As NATO expanded, the US and NATO engaged in a variety of actions that
Russian leaders would predictably see as militarily threatening. The U.S.
withdrew from the Anti-Ballistic and the intermediate-range nuclear missile
treaties, and then ignored Russian attempts to negotiate a bilateral moratorium
on deployments. The U.S. deployed nuclear-capable missile launch systems in
Romania and planned them for Poland and perhaps elsewhere. The US and NATO
conducted live-fire rocket exercises in Estonia to practice striking targets
within Russia, and the US and NATO conducted massive 32-nation military training
exercises near Russia’s border.
In Ukraine specifically, the US and NATO exacerbated the country’s internal
divisions. The US involved itself in the 2014 coup against the democratically
elected President of Ukraine and in the choice of his replacement. Instead of
pressing for a negotiated settlement between Ukraine’s post-coup government and
pro-Russian autonomists in the Donbas, the US poured armaments into Ukraine,
stepped up military training of Ukrainian forces, and supported
ultra-nationalist and anti-Russian (some Neo-Nazi) groups and militias,
Even on the precipice of war in late 2021, the U.S. and NATO refused to
renounce plans to incorporate Ukraine into NATO. Indeed, the US refused to even
discuss the question.
Abelow makes two convincing points about these US and NATO provocations:
First, if Russia had committed even some of the above actions above close to
U.S. borders, the US surely would have gone to war, even nuclear war, as it
almost did during the 1962 Cuban missile crisis, when the Soviets installed
missiles in Cuba.
Second, but for these provocations by the US and NATO, it is virtually
inconceivable that Russia would have invaded Ukraine in 2022. The war in
Ukraine, with all its horrors and its potential for escalating and spinning out
of control, would not today be raging.
Abelow’s conclusion about the war in Ukraine is notable: "when all is taken
into account, primary responsibility lies with the West, in particular with the
United States." I agree, but it is not necessary to go so far to recognize the
importance of Abelow’s arguments. Any reader of Abelow’s book who is not
irreversibly blinded by the official story has to see that responsibility for
the war in Ukraine is at least shared.
This point is not of just historical interest. For the official story informs
not just the question of how the war in Ukraine began but also of how it might
be ended. Since the US, NATO and Ukrainian spokespeople persist in viewing
Russia and Putin as the war’s sole perpetrators, they insist that the war cannot
end until Russia is totally defeated, strategically weakened and forced to
return all previously Ukrainian territory, including Crimea.
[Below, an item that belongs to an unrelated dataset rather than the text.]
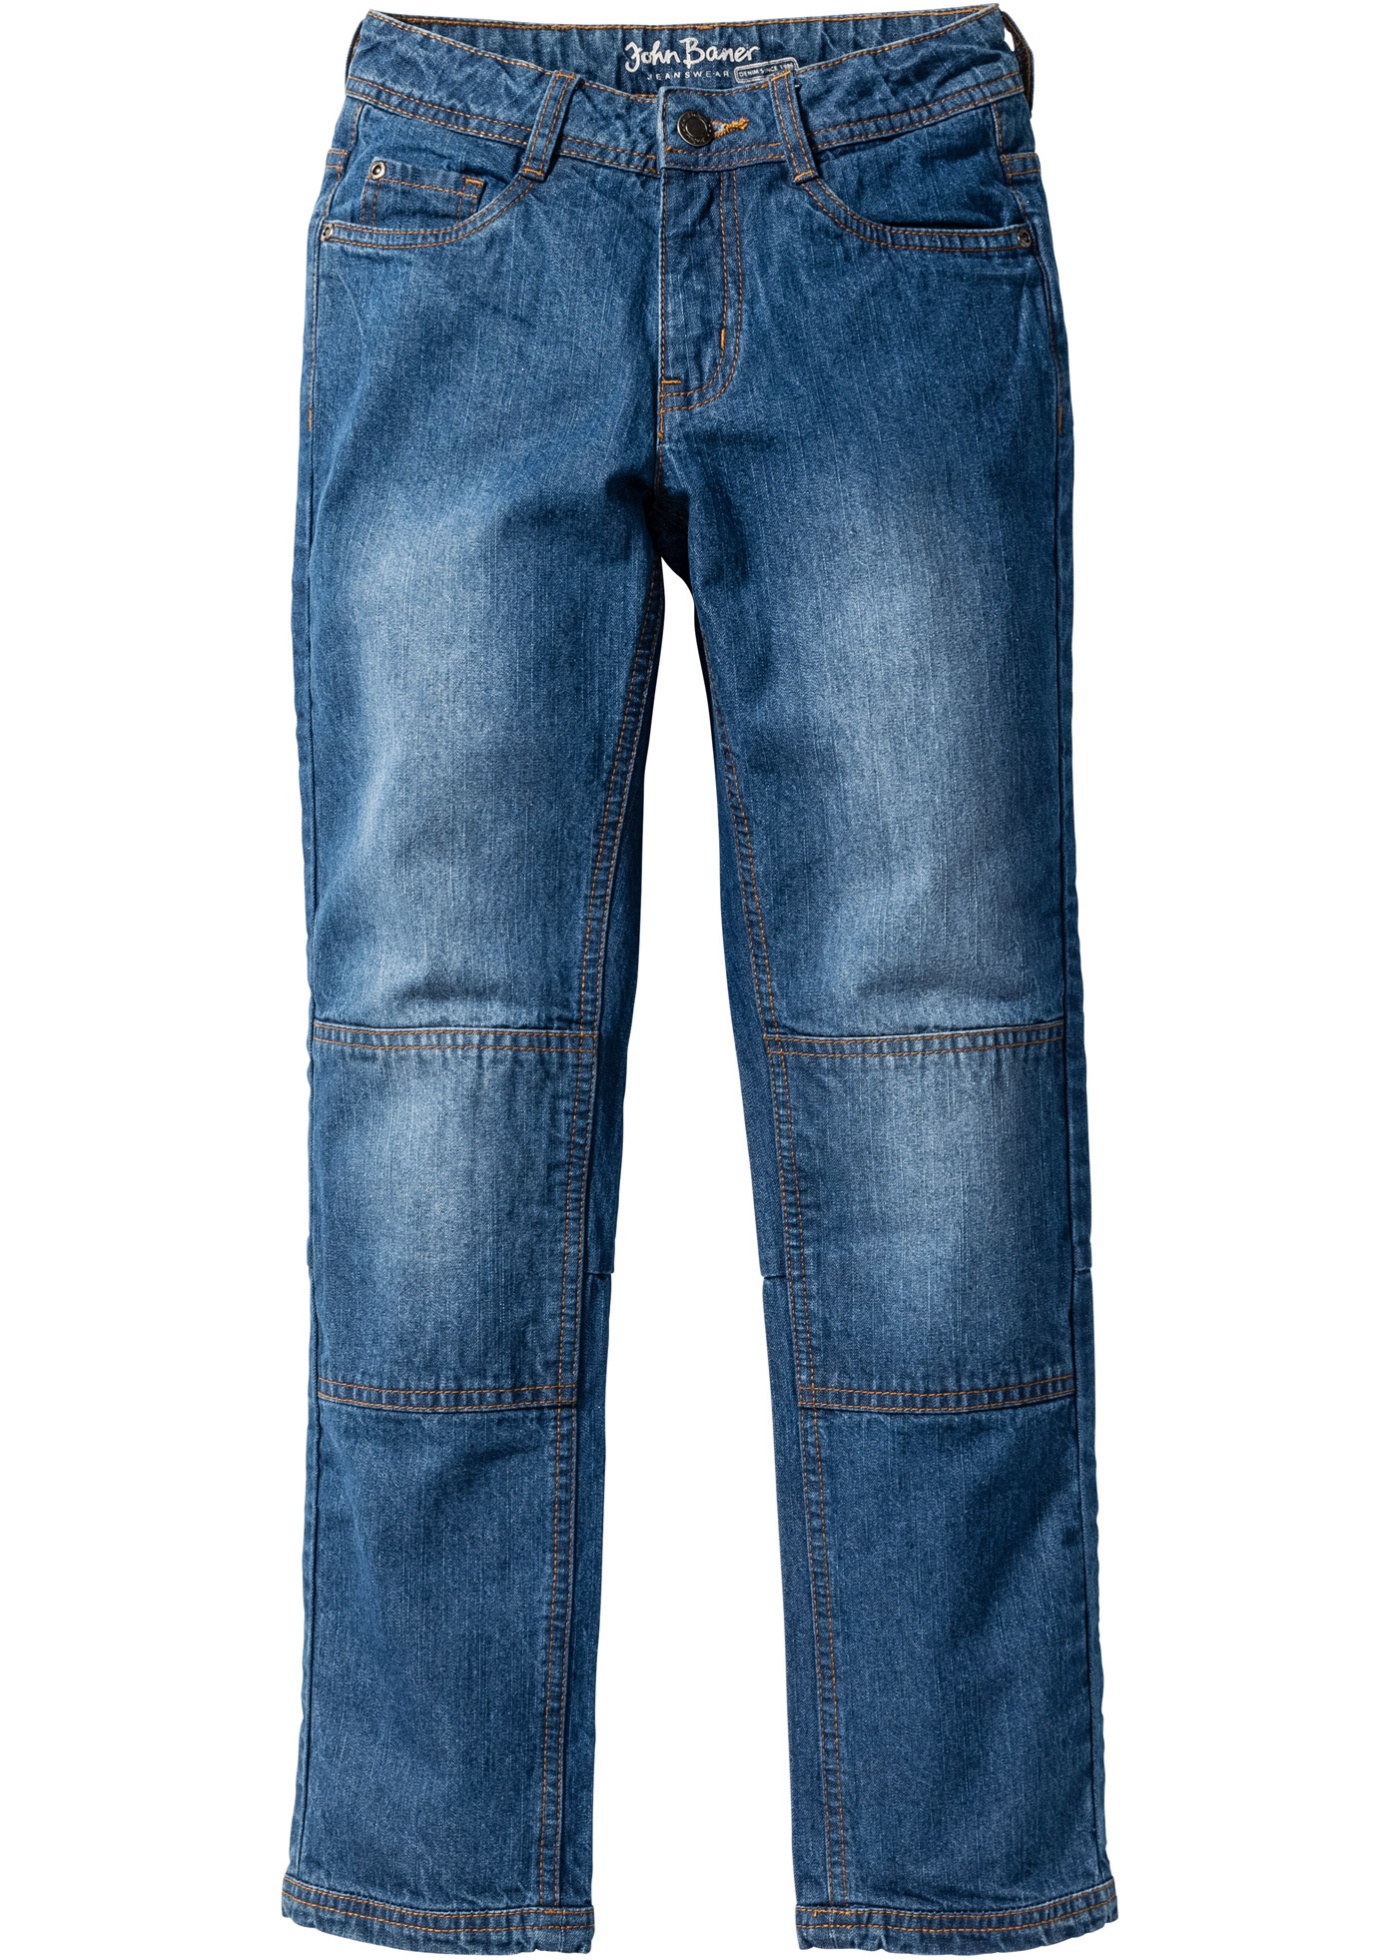 Slitstarka jeans med förstärkt knä, strl. 116-170
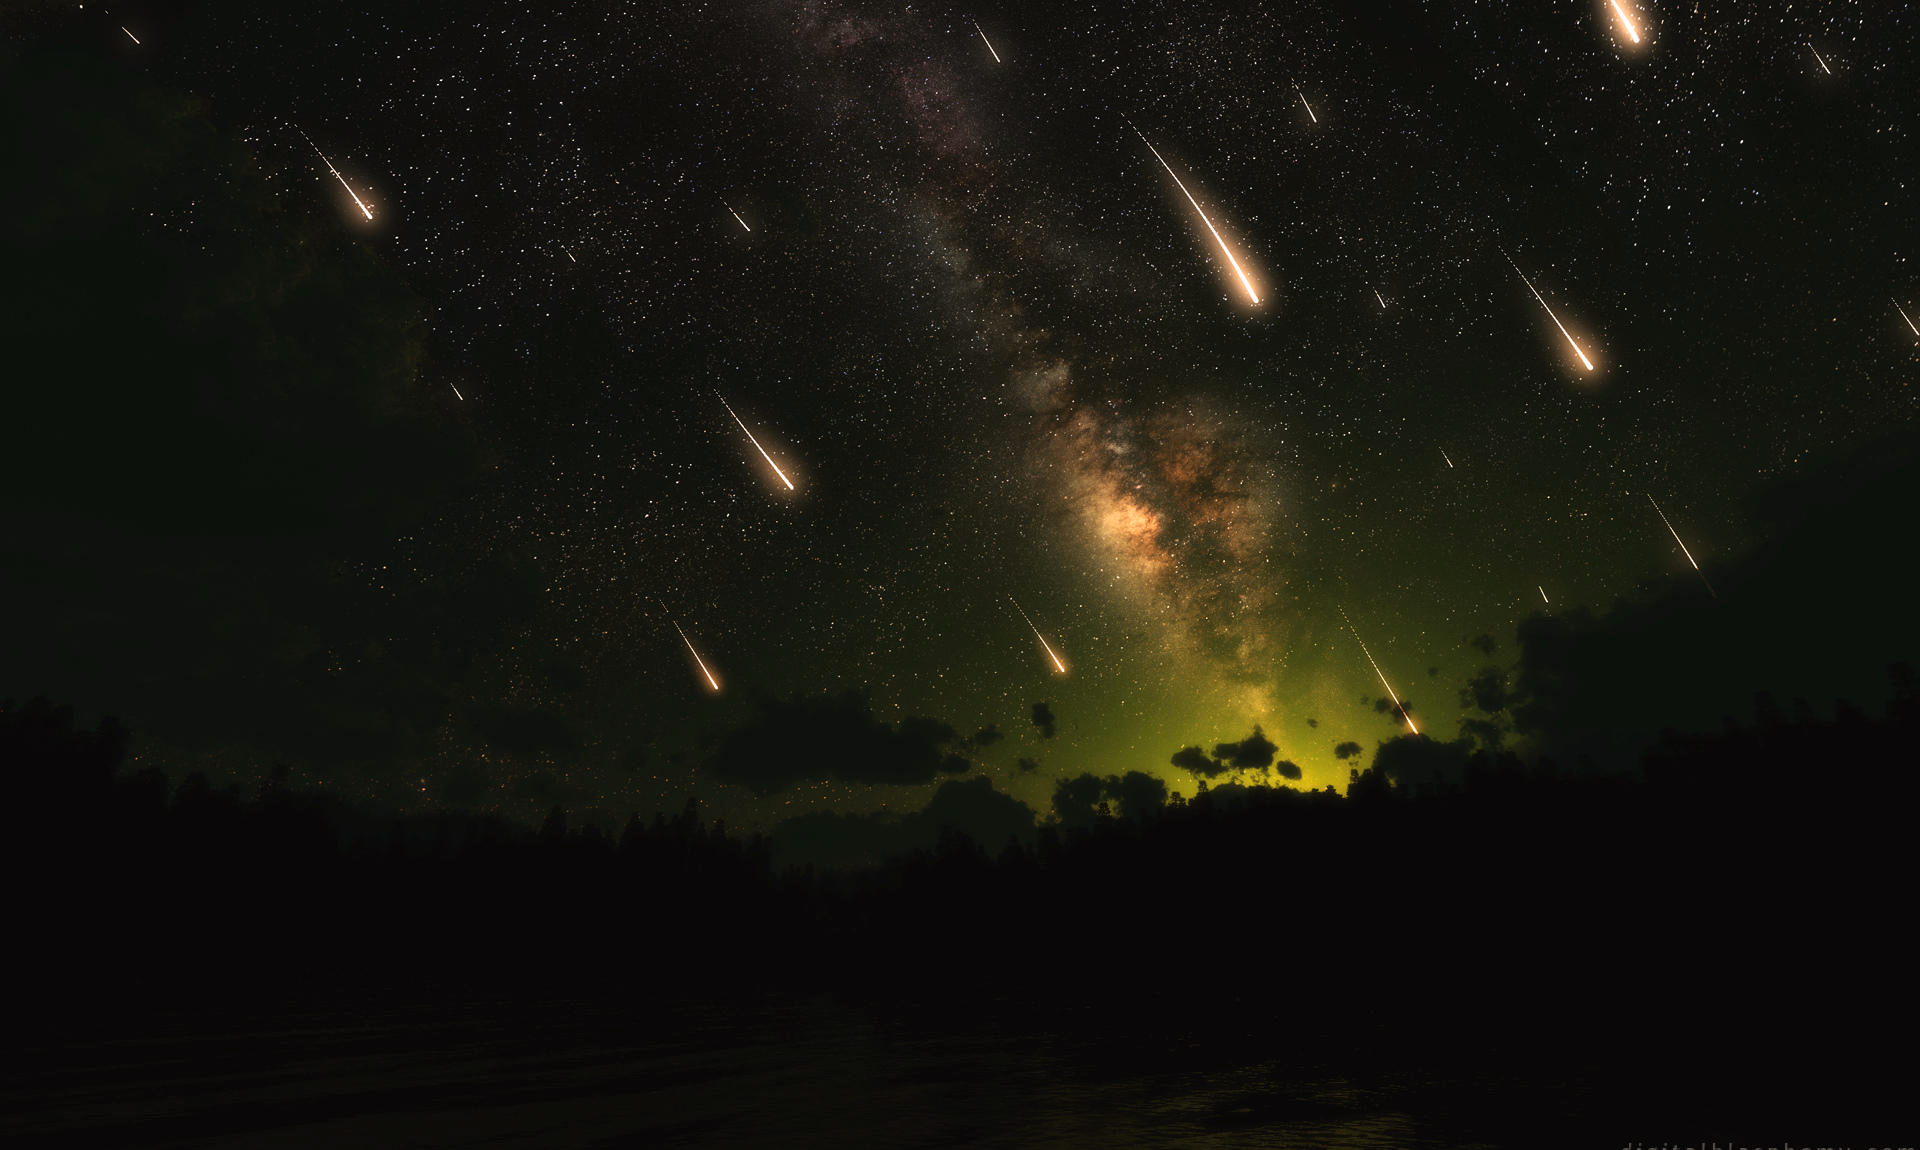 Жители Украины смогут увидеть волшебный звездопад Леониды и загадать желание: яркий метеоритный дождь озарит небо уже 17 ноября

Such goals are not
only unrealistic, they block any serious effort to end the war through
negotiations.
Realistically, the only alternatives to negotiations now are a long,
simmering slog back and forth through Ukrainian fields and towns, a slog that
will eventually grind down both sides and grind up their fighters and civilians,
or another endless and escalating war that may spread uncontrollably beyond
Ukraine and that may end us all in Nuclear Armageddon.
Despite its misleading nature and it ugly consequences, however, the official
story is likely to persist. Erasing the official story and ending the war in
Ukraine will require more than books like Abelow’s. It will require pushing
peace initiatives like China’s (a topic for a future essay), which despite US
and NATO attempts to discredit it as biased toward Russia, is remarkably
even-handed in seeing the war in Ukraine as a shared responsibility between
Russia and the US and NATO. Beyond that, ending the war in Ukraine will require
sustained opposition by a growing peace movement, a peace movement that will
surely find Abelow’s short book extremely useful.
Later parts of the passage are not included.